The new AI insurgents’ successes have a simple cause. They have created wildly innovative and popular products. Whatever disadvantages they may have faced while competing against the world’s largest tech giants pale beside the competitive advantages that arise from simply doing things better than anybody else.
The joint statement frets that tech giants may, through investments in young AI companies, be seeking to buy dominance in the AI industry. This perspective both misunderstands markets and threatens to stifle investment, innovation, and the healthy competitive pressures that push today’s leading AI companies. First, Big Tech companies (in many cases) own only small portions of the AI firms in which they invest. This means they lack meaningful control.

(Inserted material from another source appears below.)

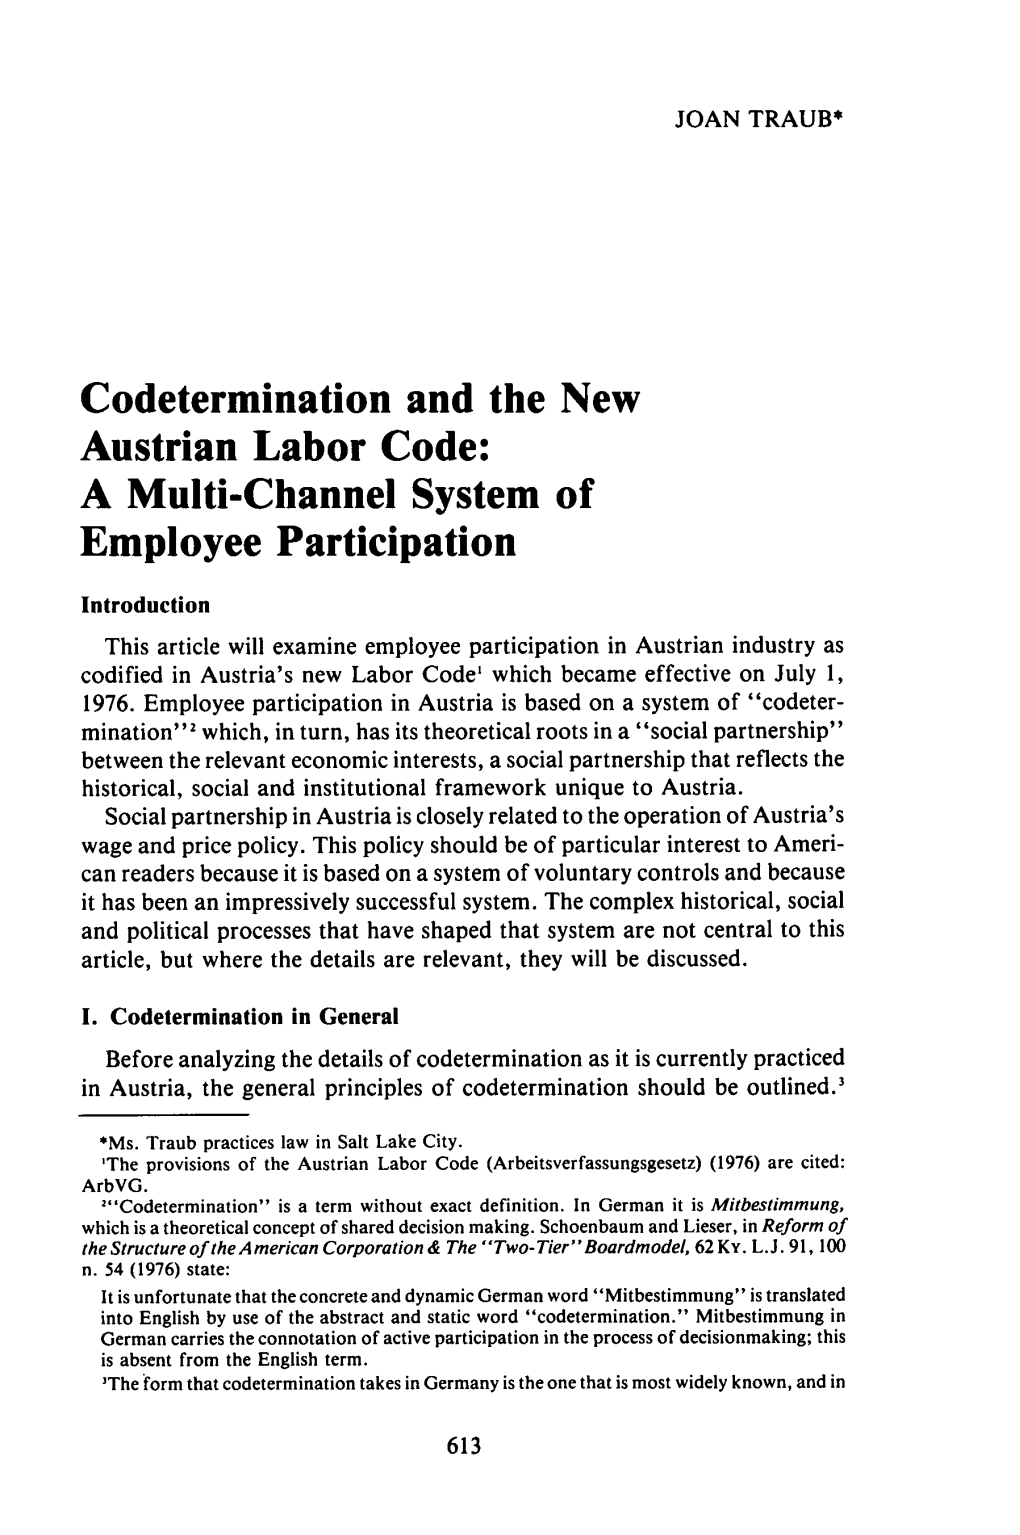 Codetermination and the New Austrian Labor Code: a Multi-Channel System of Employee Participation

Startups rely on external capital to grow. Consequently, the primary benefits of anti-investment competition policy accrue to established players. Thus, regulators’ rush to block consolidation by Big Tech could insulate today’s successful AI firms — such as OpenAI — from competition, slowing the breakneck innovative pace at which the industry thus far has raced. Again, misplaced fears of consolidation and misguided policy responses thereto lift incumbents and burden small competitors.
The ethos embodied in the joint statement springs from an unease with free and uncoordinated innovation and a concomitant taste for central planning. Attempting a top-down state-directed tech sector is an errand for fools and over-confident antitrust officials — particularly in such industries as AI. Five years ago, nobody could have predicted the paths today’s tech sector has foraged. Only runaway hubris could pretend to have knowledge of where tech will arrive five years hence. Therein lies the problem — the knowledge problem. It is impossible to tell from economics textbooks or white papers which nascent ideas will bloom, or which entrepreneurs will succeed in providing for consumers’ needs.
Despite their confidence, the historical anxieties of the alarmists of anti-tech antitrust have rarely proved warranted. “In 1969 International Business Machines was charged with monopolizing the computer industry,” Robert Crandall wrote for the Brookings Institution in 2000. “But whatever IBM had done to incur the Justice Department’s wrath became irrelevant in a world in which personal computers and minicomputers were making deep inroads into the ‘mainframe’ computer business.” The government would eventually abandon its case.
Likewise, MySpace, Yahoo, AOL’s instant messenger, and other now-fossilized platforms once were supposed to have secured lasting dominance or monopoly status. Almost invariably, product quality and innovation — not market position or incumbent advantages — proved the decisive competitive factors.
The type of regulator who populates Western antitrust agencies loves the effects of creative destruction — but lack all sense of creativity. They praise competitive innovation-
pn but know nothing about its source. They seek frigid, centrally planned economic development, dictated by mandarins such as themselves. Of course, such attempts to micromanage innovation and creative destruction shrink the benefits these processes provide and arrest the pace at which they work.
Overregulation is a European tradition. America’s historical departure from this tradition and progress towards free markets has made space for its citizens to achieve historically unmatched productivity and prosperity in the tech sector and throughout the economy. The desire of many American technocrats to ape Europe’s empirically inferior model is not just economically foolish, but antiquated and regressive.